Binghamton scientist probes addiction at the cellular level
It takes more than willpower to beat an addiction to drugs. Science shows that an addictive drug triggers complex physical changes in the brain, and these influence a person’s behavior, making it hard to quit. The most significant changes take place in the nucleus accumbens, a region of the brain that scientists recognize as the reward center.
Yao-Ying Ma, assistant professor of psychology at Binghamton University, wants to understand how those changes work at the cellular level. She hopes that a more precise understanding of those mechanisms will lead to therapies that reverse the effects on the brain and help to cure drug addiction.
“The problem is to find the precise spots that the therapeutic medications should target,” Ma says. “They need to be accurate, reaching not only a specific cell, but a specific ‘synapse,’ the structures that allow cells in our brain to communicate with one another.”
At birth, the brain is filled with immature synapses that barely pass information among neurons. Stimulation from the outside world prompts some of those synapses to mature. Although most of the surplus immature synapses are pruned soon after birth, about 5 to 10 percent of synapses left in the adult brain are immature, or silent. “This could be a good thing, since it provides the potential to quickly learn new tricks through our life experiences,” Ma says.
That is, unless the brain is exposed to an unusual stimulus, such as an addictive drug, which can regenerate silent synapses in our brain. When this happens in the adolescent or adult brain, the drug-induced silent synapses gradually wake up and grow in a way that elicits intense, abnormal communication among certain neurons. That leads to compulsive behavior such as drug addiction.
To study this effect, Ma and the students in her lab employ an animal model — rats prenatally exposed to alcohol, which puts them at high risk of addiction to cocaine or other drugs. For example, in one set of experiments using both brain slices and live animals, researchers direct light within specific wavelengths to a synapse, switching certain receptors on or off, and then observe the outcome. When the researchers work with live, addicted animals, they can see whether specific kinds of stimulation calm the synaptic storm.
Although this research is still in its early stages, it has already revealed some interesting things about the way silent synapses mature when a subject is exposed to alcohol prenatally. “Our original expectation was that the maturation process would be delayed,” Ma says. “But it actually gets accelerated.” When drugs stimulate the synapse, the signals generated are stronger than the ones an ordinary synapse would produce, prompting unusual behavior. “Through optogenetics, we are trying to reverse these pathologically matured synapses, to make their behavior normal.”
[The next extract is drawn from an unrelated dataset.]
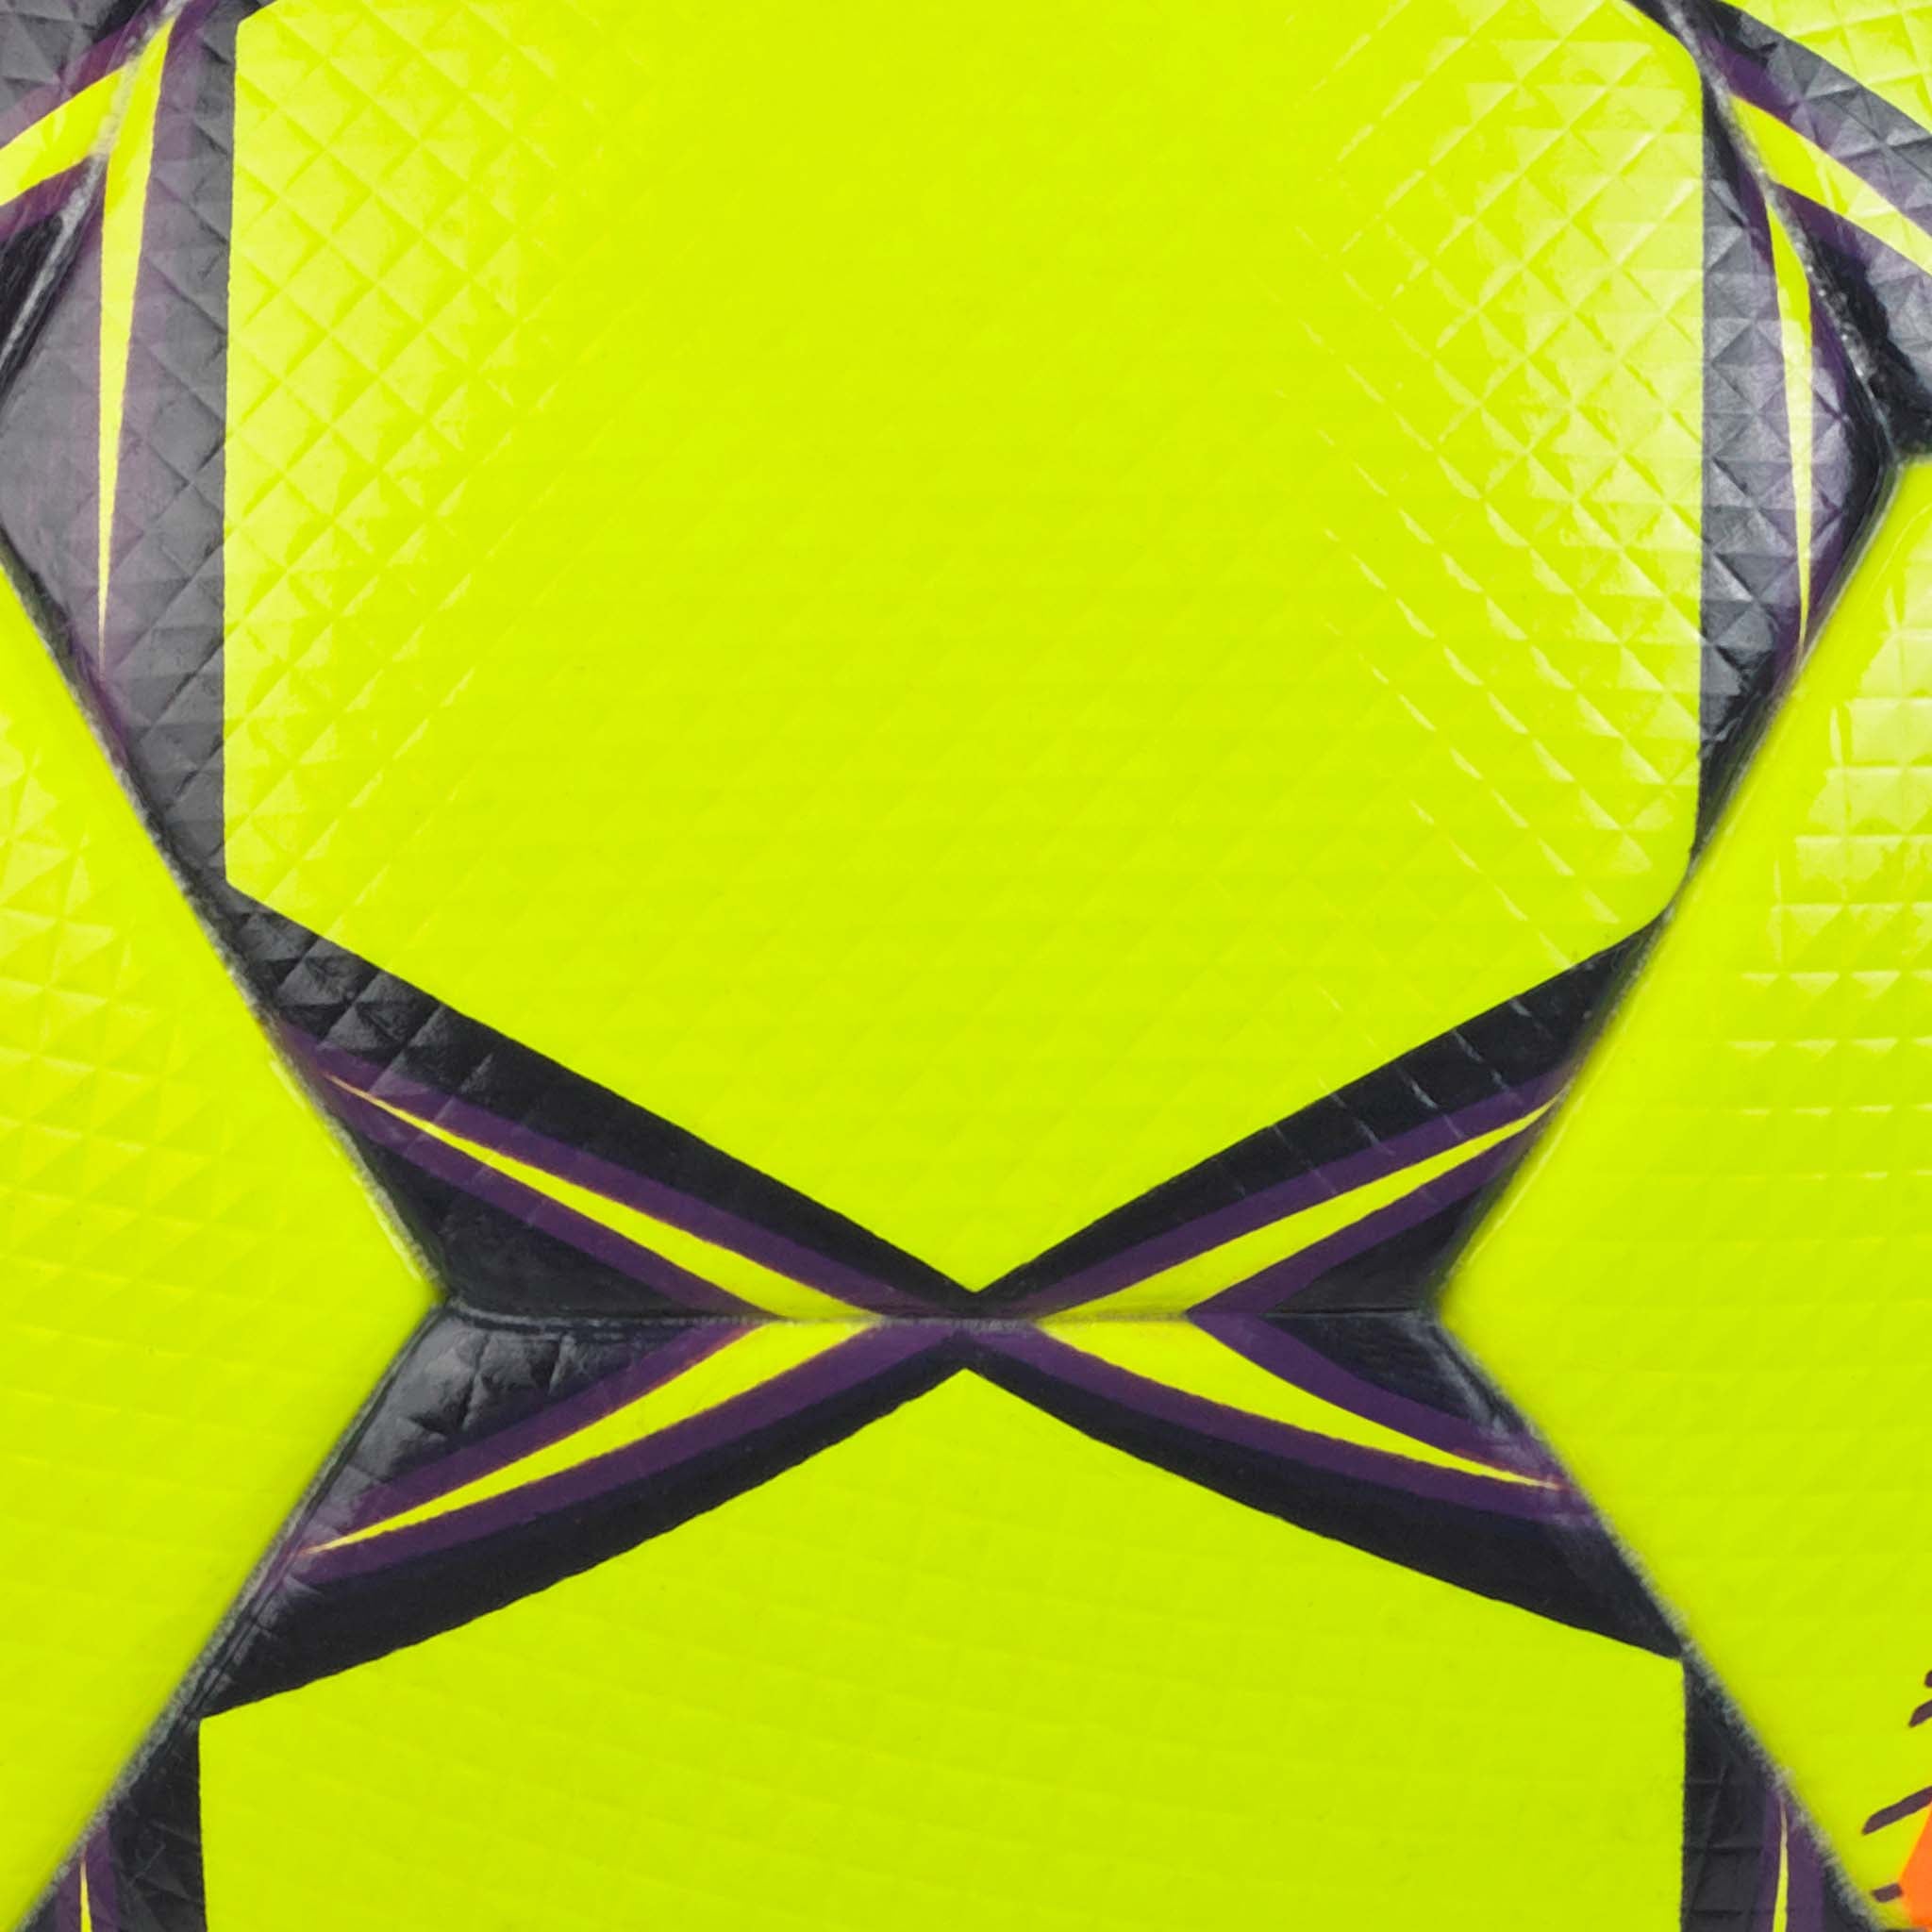 Fodbold - Brillant Super TB #farve_yellow/purple

Once researchers learn which patterns of light waves — or other kinds of stimulation — might counteract the effects of addictive drugs in the brain, the next step in the search for effective therapies will be to learn how to target the correct synapses, Ma says.
Ma joined Binghamton’s faculty in 2015 after conducting postdoctoral research at the University of California, Los Angeles and the University of Pittsburgh. She has already attracted significant external funding. Her current and pending grants, totaling $1,655,000, come from the National Institutes of Alcohol Abuse and Alcoholism, the Brain and Behavior Research Foundation (NARSAD) and the National Institute of Neurological Disorders and Stroke.
Ma has also won accolades for the time and passion she invests in her students’ success. She was one of 74 people recognized as Career Champions in November 2016 at an event sponsored by Binghamton University’s Fleishman Center for Career and Professional Development.
As a teacher and mentor, Ma says she takes an individualized approach, letting her students and postdocs tackle the challenges they find most appealing.
“I’m always talking with them about how far they want to go,” Ma says. Even undergraduates may take on advanced tasks, such as surgery on lab animals, she says. “If they are eager to learn, willing to devote their time and ambitious enough to delve deeper into academia, then I will spend more time with them and provide more sophisticated training.”